No descubro nada excepcional al darme cuenta que puedo
encontrar lo que busco si tan solo logro reconstruir con exactitud los hechos, uno
a uno y uno tras otro, desde el principio, pero sucede que es el principio mismo
lo que se me escapa, y en esto habría que darle la razón a Hegel: aquí hay algo
que no ha comenzado, el extremo del hilo se me va. Las cosas podrían comenzar hoy,
por ejemplo, en este mismo instante. En rigor pueden comenzar hoy, si decido que
aquí es el punto donde comienzan: esta celda, esta cárcel, este tiempo, este sobrecogimiento
maldito. Escucharé las voces que gritan mi nombre como un eco que se aproxima; vendrán
a sacudir la puerta –la golpean, la escupen, se cagan en ella, estremecen sus hierros
antes de abrirla–; saldré al corredor, cruzaré el patio y heme allí, de pronto,
en la sala de defensores y al fondo, silenciosa, impenetrable, Medarda. Pero no,
no la sala de defensores: es la nave con paredes de hielo, herida por una luz blanca
que no proviene de ninguna parte, la bóveda donde guardan los muertos. Medarda está
a la mitad de este anfiteatro, abandonada en el piso, sin nadie. Me aproximo, pues
la blancura de la luz no me deja ver sino contornos grotescos, como si padeciera
cataratas.

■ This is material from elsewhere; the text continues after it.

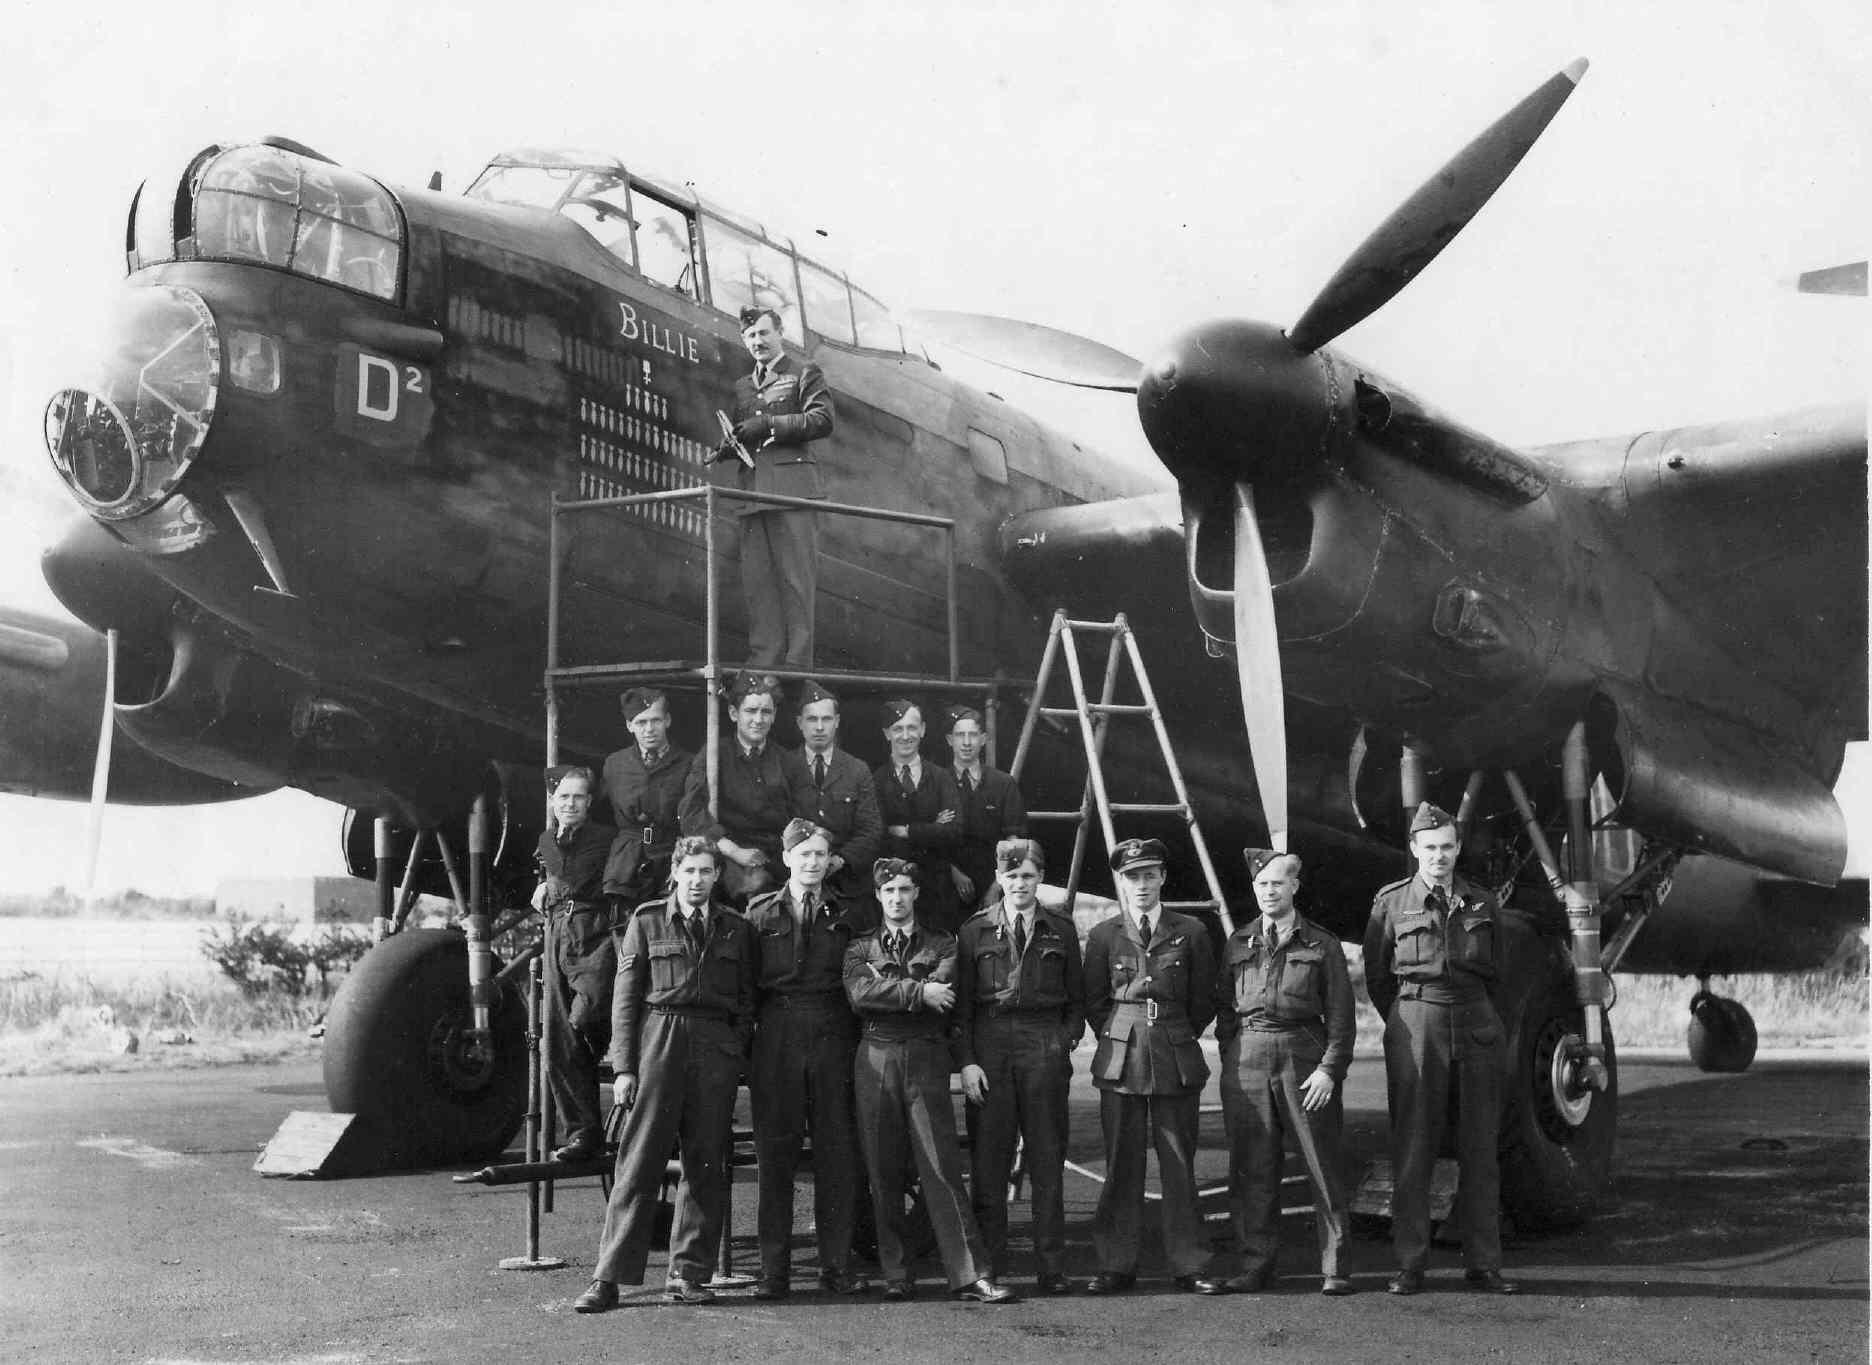 Lancaster — тяжелый бомбардировщик Королевских ВВС во Второй мировой войне

La imagen se precisa hasta causarme vértigo: desnuda, el vientre y los
senos monstruosamente hinchados por los gases, igual que globos a punto de estallar.
La descomposición está muy avanzada, pero del cuerpo no se desprende ningún mal
olor y esto es lo que me aterra. Rompe en mis oídos la diabólica carcajada de Hegel
que mira con regocijo el modo con que termino de vomitar, pues no tuve tiempo de
echar la porquería fuera del camastro y estoy cubierto de la cabeza a los pies.
Espera a que lance yo las últimas boqueadas y así pueda oírlo en plenitud. “Eres
un mal asesino –ríe y me apunta con el índice, bullente, divertido, feliz–, sigues
soñando con la puta muerta”. Hegel lo sabe muy bien. Son ya varias las veces que
me ocurre. Y con esta pesadilla siempre acabo vaciándome del estómago.